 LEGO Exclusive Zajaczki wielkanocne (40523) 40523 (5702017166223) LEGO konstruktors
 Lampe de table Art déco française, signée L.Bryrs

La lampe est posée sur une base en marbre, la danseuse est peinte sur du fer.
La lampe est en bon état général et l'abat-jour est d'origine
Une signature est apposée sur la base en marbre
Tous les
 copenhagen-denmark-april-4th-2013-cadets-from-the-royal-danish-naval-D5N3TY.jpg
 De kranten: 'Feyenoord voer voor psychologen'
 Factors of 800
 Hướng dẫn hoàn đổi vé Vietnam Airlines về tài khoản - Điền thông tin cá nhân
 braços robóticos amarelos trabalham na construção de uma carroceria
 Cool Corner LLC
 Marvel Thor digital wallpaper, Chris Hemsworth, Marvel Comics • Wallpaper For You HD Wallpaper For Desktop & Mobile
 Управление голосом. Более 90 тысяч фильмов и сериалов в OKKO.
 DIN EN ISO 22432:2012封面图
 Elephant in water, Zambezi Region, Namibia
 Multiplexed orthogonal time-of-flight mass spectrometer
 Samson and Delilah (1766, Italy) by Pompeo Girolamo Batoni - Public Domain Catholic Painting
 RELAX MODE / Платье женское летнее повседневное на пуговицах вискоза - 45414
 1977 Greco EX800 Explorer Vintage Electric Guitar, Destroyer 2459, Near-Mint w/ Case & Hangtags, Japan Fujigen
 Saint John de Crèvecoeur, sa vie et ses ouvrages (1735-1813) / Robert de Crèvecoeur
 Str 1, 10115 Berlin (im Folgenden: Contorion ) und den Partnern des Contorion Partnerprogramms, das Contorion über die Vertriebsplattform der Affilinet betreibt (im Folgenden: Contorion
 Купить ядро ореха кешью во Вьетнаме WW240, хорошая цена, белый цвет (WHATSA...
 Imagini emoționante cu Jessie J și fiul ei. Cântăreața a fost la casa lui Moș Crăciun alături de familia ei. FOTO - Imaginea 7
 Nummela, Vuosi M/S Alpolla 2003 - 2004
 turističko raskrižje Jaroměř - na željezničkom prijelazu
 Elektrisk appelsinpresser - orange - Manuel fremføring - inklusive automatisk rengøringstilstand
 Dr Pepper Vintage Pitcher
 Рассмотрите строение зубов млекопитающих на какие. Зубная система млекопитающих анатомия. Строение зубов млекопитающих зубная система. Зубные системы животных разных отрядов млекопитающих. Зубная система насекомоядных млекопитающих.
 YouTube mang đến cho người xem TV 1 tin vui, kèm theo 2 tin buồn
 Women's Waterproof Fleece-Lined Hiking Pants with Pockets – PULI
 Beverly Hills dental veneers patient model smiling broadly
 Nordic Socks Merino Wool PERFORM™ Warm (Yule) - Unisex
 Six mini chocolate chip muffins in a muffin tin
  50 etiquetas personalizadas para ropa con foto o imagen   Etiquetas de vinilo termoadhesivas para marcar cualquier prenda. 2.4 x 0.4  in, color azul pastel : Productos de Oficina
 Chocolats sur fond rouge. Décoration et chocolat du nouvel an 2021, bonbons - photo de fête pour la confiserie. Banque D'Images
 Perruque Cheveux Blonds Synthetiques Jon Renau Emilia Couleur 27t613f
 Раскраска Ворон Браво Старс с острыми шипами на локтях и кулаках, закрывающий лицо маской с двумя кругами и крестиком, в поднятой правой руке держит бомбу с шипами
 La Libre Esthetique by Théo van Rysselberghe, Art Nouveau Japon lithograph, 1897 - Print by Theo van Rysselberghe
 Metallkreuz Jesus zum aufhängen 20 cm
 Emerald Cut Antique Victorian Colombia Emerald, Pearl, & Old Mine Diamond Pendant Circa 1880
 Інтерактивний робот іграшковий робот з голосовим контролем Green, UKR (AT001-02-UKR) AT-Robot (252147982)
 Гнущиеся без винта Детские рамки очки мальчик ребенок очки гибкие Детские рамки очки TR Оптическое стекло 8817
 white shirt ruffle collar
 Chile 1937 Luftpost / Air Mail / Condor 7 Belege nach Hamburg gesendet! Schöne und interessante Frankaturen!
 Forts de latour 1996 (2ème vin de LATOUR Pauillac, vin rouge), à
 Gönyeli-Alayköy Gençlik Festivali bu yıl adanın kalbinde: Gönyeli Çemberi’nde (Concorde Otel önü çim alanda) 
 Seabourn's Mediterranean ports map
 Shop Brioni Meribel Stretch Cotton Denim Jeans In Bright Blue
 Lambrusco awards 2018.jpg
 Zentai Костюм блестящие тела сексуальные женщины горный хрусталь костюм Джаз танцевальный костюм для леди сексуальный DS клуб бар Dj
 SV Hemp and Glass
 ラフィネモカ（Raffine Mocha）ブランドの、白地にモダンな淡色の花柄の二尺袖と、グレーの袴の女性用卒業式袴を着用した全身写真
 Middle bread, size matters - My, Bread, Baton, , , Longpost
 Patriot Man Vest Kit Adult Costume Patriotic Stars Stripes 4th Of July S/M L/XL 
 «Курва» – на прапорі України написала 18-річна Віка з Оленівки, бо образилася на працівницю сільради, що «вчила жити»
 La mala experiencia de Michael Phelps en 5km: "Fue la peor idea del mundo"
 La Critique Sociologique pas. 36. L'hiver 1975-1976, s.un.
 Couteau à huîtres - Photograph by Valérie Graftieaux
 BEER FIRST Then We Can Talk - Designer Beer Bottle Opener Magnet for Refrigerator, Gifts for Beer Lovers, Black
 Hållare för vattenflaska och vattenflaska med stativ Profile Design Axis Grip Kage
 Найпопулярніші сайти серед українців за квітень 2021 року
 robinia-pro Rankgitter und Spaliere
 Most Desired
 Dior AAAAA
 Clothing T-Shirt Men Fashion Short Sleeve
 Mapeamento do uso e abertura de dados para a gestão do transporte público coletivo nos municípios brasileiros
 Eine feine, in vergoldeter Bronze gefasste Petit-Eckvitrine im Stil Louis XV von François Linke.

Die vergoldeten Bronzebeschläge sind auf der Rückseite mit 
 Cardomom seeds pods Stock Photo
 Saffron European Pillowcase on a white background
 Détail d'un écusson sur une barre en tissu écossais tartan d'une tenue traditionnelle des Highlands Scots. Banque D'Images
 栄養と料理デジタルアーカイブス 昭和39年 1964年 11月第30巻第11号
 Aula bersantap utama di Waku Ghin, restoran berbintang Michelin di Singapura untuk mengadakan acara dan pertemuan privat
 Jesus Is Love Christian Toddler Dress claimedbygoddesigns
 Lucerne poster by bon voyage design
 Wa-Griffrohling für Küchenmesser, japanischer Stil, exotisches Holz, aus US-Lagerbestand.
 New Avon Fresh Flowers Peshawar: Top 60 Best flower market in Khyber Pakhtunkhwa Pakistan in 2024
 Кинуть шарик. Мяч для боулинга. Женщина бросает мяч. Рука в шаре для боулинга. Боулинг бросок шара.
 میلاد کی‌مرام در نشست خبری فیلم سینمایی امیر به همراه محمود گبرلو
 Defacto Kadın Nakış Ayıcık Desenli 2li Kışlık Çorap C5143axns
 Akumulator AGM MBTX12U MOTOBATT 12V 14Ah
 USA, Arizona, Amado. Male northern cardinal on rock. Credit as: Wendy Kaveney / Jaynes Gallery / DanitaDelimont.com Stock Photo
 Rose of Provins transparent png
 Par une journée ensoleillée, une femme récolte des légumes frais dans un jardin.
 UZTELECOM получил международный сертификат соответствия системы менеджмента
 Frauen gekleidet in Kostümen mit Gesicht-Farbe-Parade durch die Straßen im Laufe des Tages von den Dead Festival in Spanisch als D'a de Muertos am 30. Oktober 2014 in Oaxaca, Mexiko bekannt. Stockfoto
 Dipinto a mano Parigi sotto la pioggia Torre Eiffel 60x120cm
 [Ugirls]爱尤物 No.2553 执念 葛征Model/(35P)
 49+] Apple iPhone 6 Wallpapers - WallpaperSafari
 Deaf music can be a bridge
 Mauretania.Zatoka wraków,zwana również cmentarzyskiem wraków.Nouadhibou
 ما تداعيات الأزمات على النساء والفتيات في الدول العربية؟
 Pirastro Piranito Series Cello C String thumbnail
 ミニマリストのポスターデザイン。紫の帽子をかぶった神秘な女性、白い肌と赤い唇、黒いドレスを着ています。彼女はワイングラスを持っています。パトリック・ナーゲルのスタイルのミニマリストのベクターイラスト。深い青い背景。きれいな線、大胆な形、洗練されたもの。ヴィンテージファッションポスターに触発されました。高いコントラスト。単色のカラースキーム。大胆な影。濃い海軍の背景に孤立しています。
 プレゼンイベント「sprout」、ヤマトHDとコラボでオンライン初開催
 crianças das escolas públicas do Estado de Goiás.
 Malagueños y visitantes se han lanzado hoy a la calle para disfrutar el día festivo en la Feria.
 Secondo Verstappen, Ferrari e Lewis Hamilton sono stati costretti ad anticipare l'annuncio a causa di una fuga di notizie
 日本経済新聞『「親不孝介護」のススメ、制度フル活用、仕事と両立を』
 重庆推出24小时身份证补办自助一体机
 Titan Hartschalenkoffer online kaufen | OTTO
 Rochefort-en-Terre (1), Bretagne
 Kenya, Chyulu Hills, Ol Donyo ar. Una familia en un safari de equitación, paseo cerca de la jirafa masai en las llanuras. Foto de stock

### [EXERCISE OBJECTIVE]
Please copy every line in the entries where "системы" appears.

### [RESULT OF THE EXERCISE]
 Рассмотрите строение зубов млекопитающих на какие. Зубная система млекопитающих анатомия. Строение зубов млекопитающих зубная система. Зубные системы животных разных отрядов млекопитающих. Зубная система насекомоядных млекопитающих.
 UZTELECOM получил международный сертификат соответствия системы менеджмента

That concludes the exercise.